A modified random network model for P(2)O(5)–Na(2)O–Al(2)O(3)–SiO(2) glass studied by molecular dynamics simulations

We investigated the short- and medium-range structural features of sodium aluminosilicate glasses with various P(2)O(5) (0–7 mol%) content and Al/Na ratios ranging from 0.667 to 2.000 by using molecular dynamics simulations. The local environment evolution of network former cations (Si, Al, P) and the extent of clustering behavior of modifiers (Na(+)) is determined through pair distribution function (PDF), total correlation function (TDF), coordination number (CN), Q(x)(n) distribution and oxygen speciation analysis. We show that Al–O–P and Si–O–Al linkage is preferred over other connections as compared to a random model and that Si–O–Si linkage is promoted by the P(2)O(5) addition, which is related to structural heterogeneity and generates well-separated silicon-rich and aluminum–phosphorus-rich regions.

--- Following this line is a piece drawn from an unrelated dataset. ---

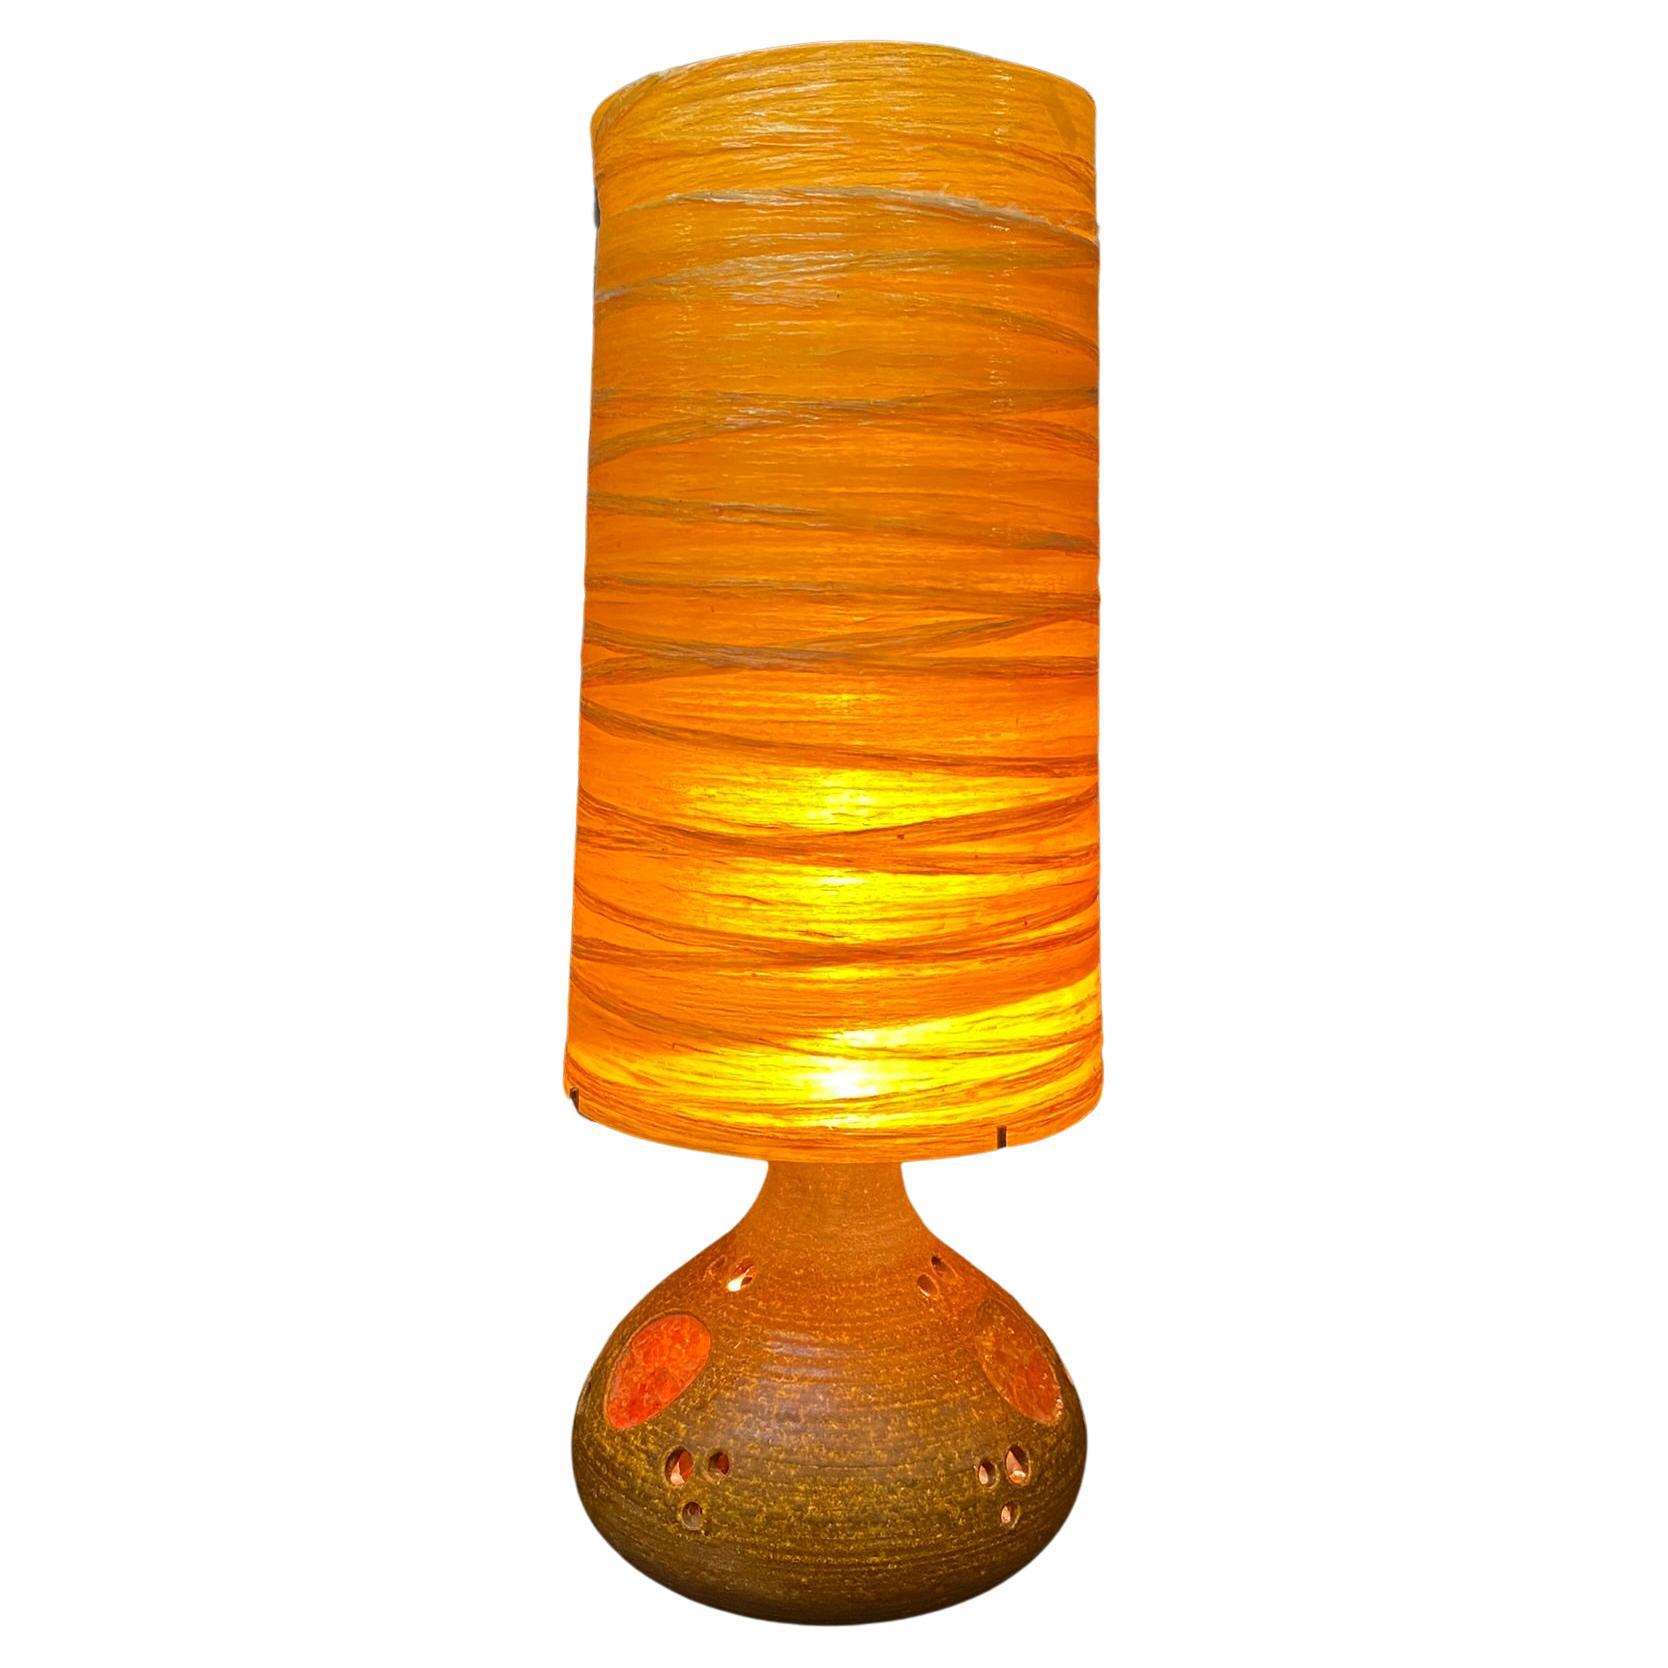 Terracotta Lamp and its Original Lampshade in Colored Resin, Also with Interior For Sale

Meanwhile, due to the relatively high propensity of Al to both Si and P, heterogeneity can be partly overcome with high Al content. A small amount of Si–O–P linkages have been detected at the interface of separated regions. Clustering of Na(+) is also observed and intensified with the addition of P(2)O(5). Based on the simulated structural information, a modified random network model for P(2)O(5)-bearing sodium aluminosilicate glass has been proposed, which could be useful to optimize the mobility of sodium ions and design novel functional glass compositions.